Reputation: 32226
How do I extract the value from a list? For e.g.
df = pd.DataFrame([[0, 4, 'Abc', 456, '[45.55%]'],
[2, 5.2, 'abc', 5, '[34.54%]'],
[0.2, 6, 'xyz', 65, '[12.21%]'],
[3, 4.1, 'Xbc', 23, '[99.12%]']], columns=['start', 'end', 'name','body_mass', 'budget'])
I can use the string replace function as shown below. But I am looking for a better solution.
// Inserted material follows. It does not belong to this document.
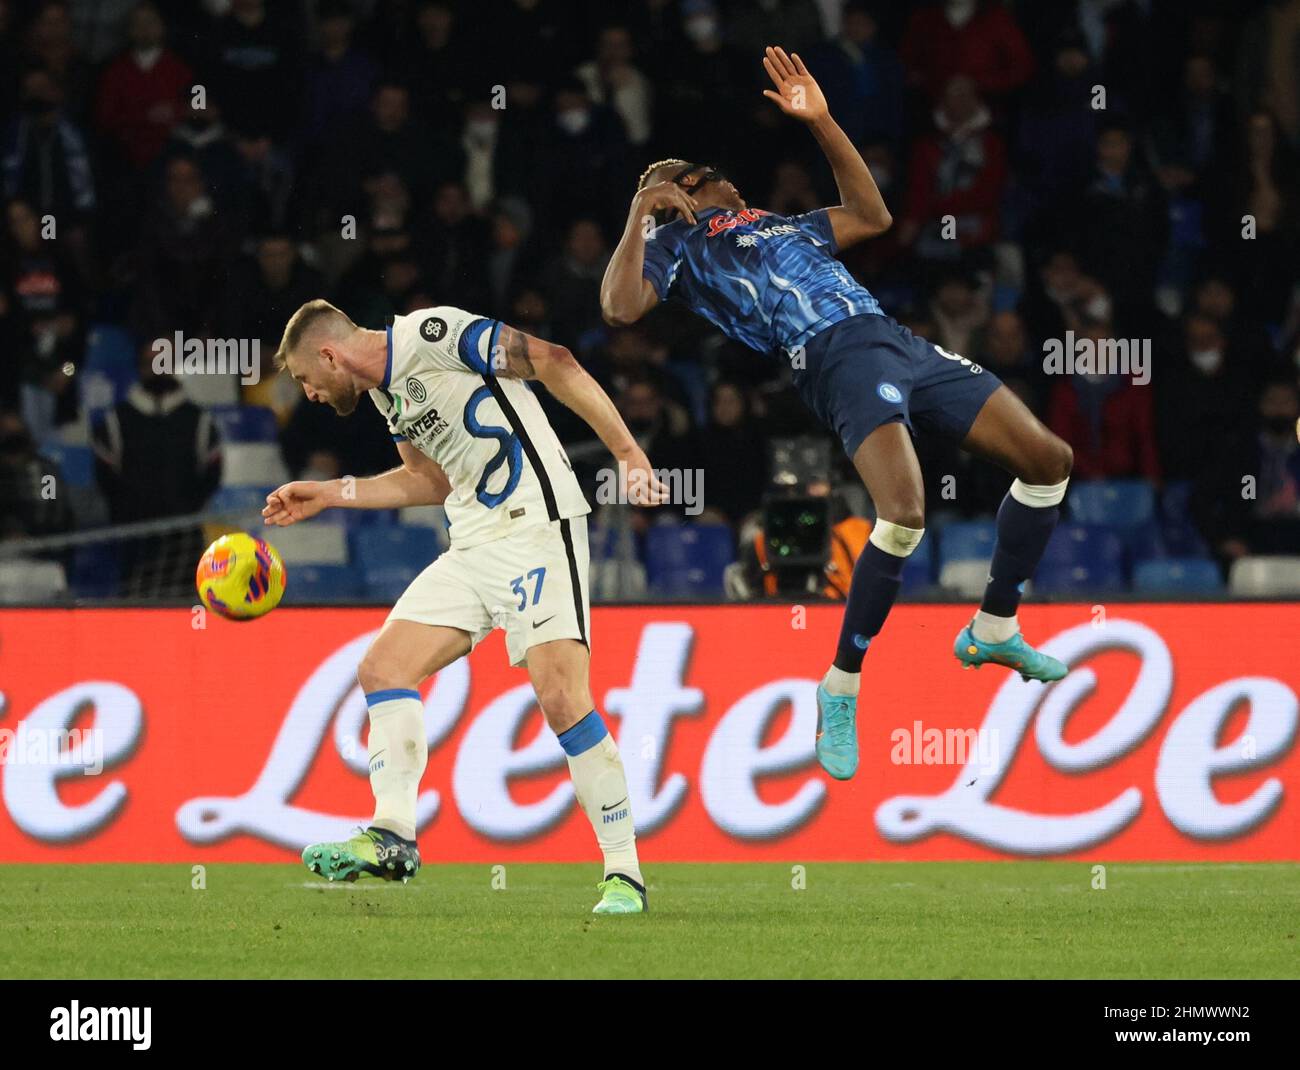 Naples, Campania, Italy. 12th Feb, 2022. Inter Milan Skriniar fouls Victor  Osimhen of Napoli in the penalty area but the referee does not give a  penalty.During the Italian Serie A Football match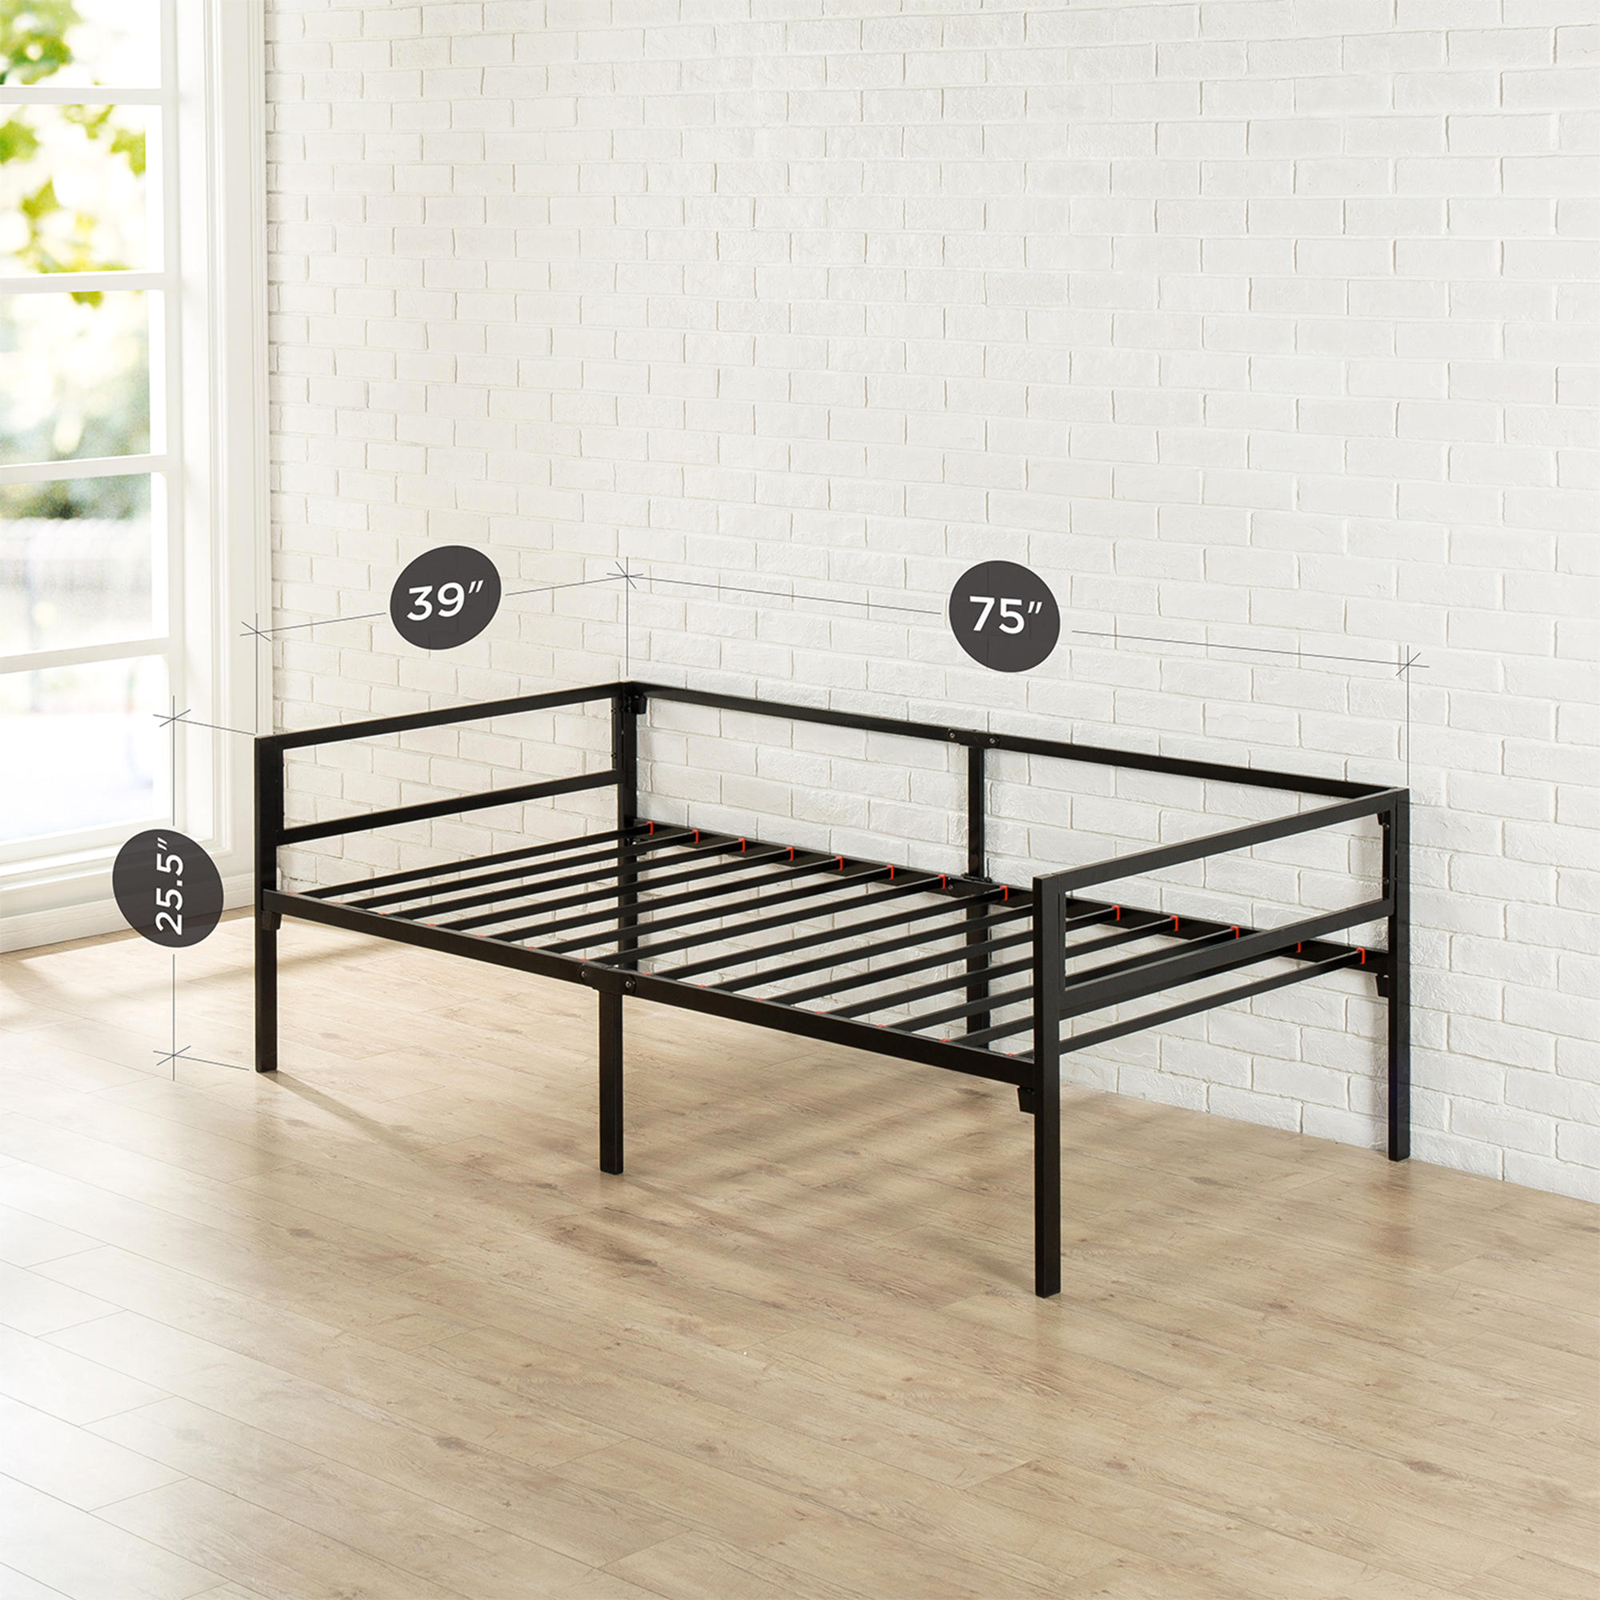 Zinus Twin Daybed Frame Sears Marketplace, Daybed Frame Parts

df.budget.str.replace('[', '').str.replace(']', '').str.replace('%', '').astype(float)
0 45.55
1 34.54
2 12.21
3 99.12
Name: budget, dtype: float64
There is only 1 item in the list, if that matters.
Upvotes: 1
Views: 65
Reputation: 32226
Using Regular Expression:
df.budget.str.extract('(\d*\.?\d+)').astype(float)
Upvotes: 1
Reputation: 164843
This is a different way using pd.Series.str.replace
to remove %, ast.literal_eval
to convert string to list, and operator.itemgetter
to extract first item.
from ast import literal_eval
from operator import itemgetter
df['budget'] = df['budget'].str.replace('%', '')\
.apply(literal_eval)\
.apply(itemgetter(0))
print(df['budget'])
0 45.55
1 34.54
2 12.21
3 99.12
Name: budget, dtype: float64
Alternative method using regular expression:
import re
pattern = '|'.join([re.escape(i) for i in ('%', '[', ']')])
df['budget'] = df['budget'].str.replace(pattern, '')\
.astype(float)
Upvotes: 1
Reputation: 2322
df['budget']=df.budget.str.replace('[', '').str.replace(']', '').str.replace('%', '').astype(float)
this will replace the whole column in your dataset
Upvotes: 0